Pikachu is a Pokémon character that became a major meme subject, most famously through the "Surprised Pikachu" reaction image showing Pikachu with a shocked, open-mouthed expression. The format is used to mock feigned surprise at predictable outcomes[7].

### Where did the Pikachu meme come from?
The Surprised Pikachu image comes from Season 1, Episode 10 of the Pokémon anime, "Bulbasaur and the Hidden Village," which aired in 1997. A Tumblr user named Angela posted the screenshot as a meme on September 26, 2018[6].

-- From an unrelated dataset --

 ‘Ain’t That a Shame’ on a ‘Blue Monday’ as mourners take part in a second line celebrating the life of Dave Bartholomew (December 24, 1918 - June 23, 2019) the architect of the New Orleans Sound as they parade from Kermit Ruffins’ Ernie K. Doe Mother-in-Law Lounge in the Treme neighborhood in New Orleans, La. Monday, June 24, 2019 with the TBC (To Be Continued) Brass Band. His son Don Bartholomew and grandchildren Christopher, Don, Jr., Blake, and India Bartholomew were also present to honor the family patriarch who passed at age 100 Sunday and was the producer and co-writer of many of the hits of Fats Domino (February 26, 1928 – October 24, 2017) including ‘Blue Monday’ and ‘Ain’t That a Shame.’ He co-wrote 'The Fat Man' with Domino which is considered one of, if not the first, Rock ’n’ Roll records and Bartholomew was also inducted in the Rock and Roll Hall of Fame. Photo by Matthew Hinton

### What does the Surprised Pikachu meme mean?
It expresses mock surprise at something that should have been obvious. The joke is that the "surprising" outcome was completely predictable, and everyone, including the person posting, knew it would happen[5].

### How do you use the Surprised Pikachu meme?
Set up a situation where someone makes a bad decision or ignores an obvious warning, state the predictable consequence, then use the Surprised Pikachu image as the punchline reaction[7].

### Is the Surprised Pikachu meme still popular?
The meme peaked in late 2018 and early 2019 but still gets regular use, especially during news cycles involving predictable outcomes like elections and corporate PR disasters[7].

### Who created Pikachu?
Pikachu was designed by Atsuko Nishida at Game Freak for the 1996 Pokémon Red and Green games, with the design finalized by lead designer Ken Sugimori[2].

### Why was Pikachu chosen as the Pokémon mascot instead of Clefairy?
Clefairy was the original choice for franchise mascot, but Pikachu's popularity in the anime series made it the clear favorite[1].

### Was the Surprised Pikachu meme a marketing stunt for Detective Pikachu?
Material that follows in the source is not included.